Два художника классического авангарда наиболее близки Хармсу. Это Хлебников и Малевич. Интерес к геометрии, к трансцендентальному пространству и оккультизму у Хармса близок поискам Малевича. Эксперименты с алфавитизацией дискурса, манипуляции с временем и интерес к числовой магии сближают Хармса с Хлебниковым. И все же творчество Хармса принципиально отличается от более раннего авангарда прежде всего отсутствием социальной утопии, которая неотделима от творений Малевича и Хлебникова.

Это исчезновение утопического компонента, с которым так неразрывно связан ранний русский авангард, объясняется девальвацией утопизма в советской культуре и политике.
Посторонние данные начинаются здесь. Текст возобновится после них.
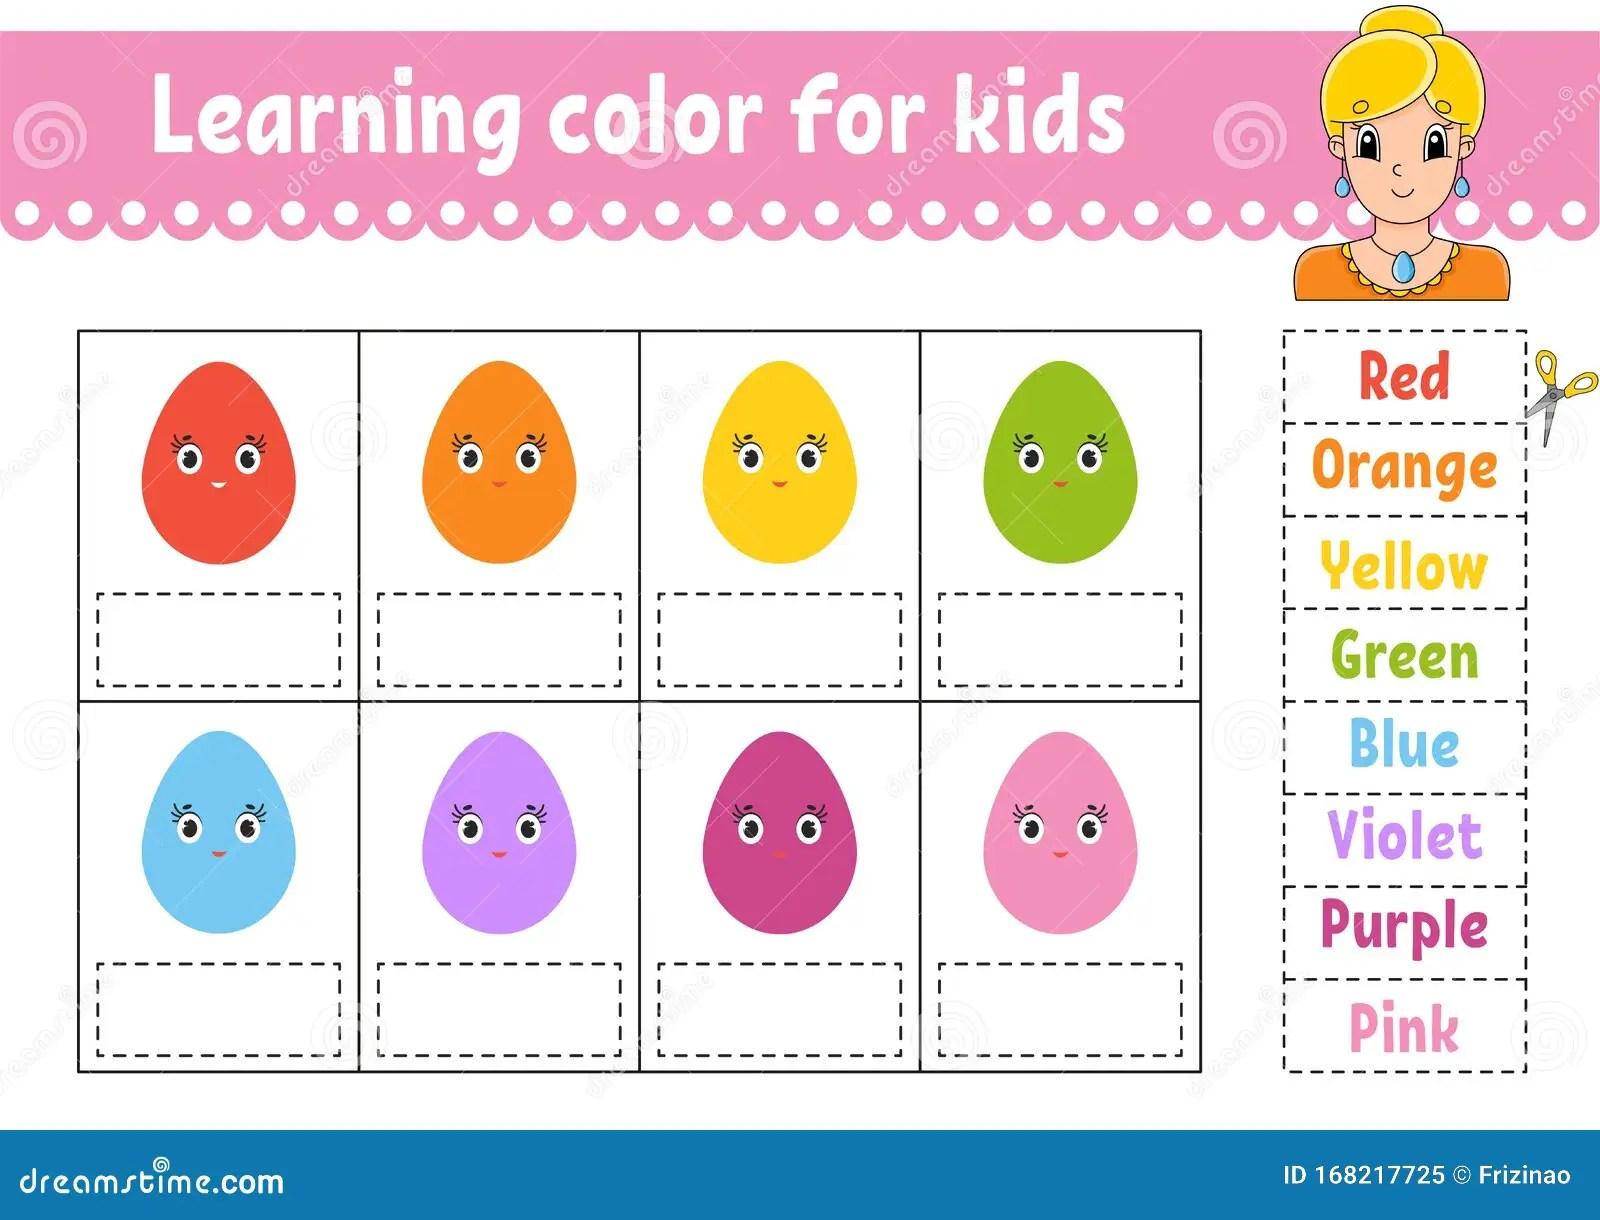 Learning Color For Kids Education Developing Worksheet

Действительность до такой степени пронизывается фальшью утопического сознания, что неофициальное искусство освобождается от этого элемента.

Если можно говорить о провинциализме российской мысли, то он часто принимал формы универсализма. Универсализм, космизм, -- конечно, одно из наиболее характерных проявлений провинциального сознания, традиционно преодолевающего свою изоляцию и вторичность с помощью универсалистской риторики. В этом смысле Хлебников и Малевич -- российские провинциалы именно в той части своего творчества, которая наиболее утопична и метафизична. Освобождение от утопизма позволяет Хармсу и обэриутам преодолеть российский провинциализм.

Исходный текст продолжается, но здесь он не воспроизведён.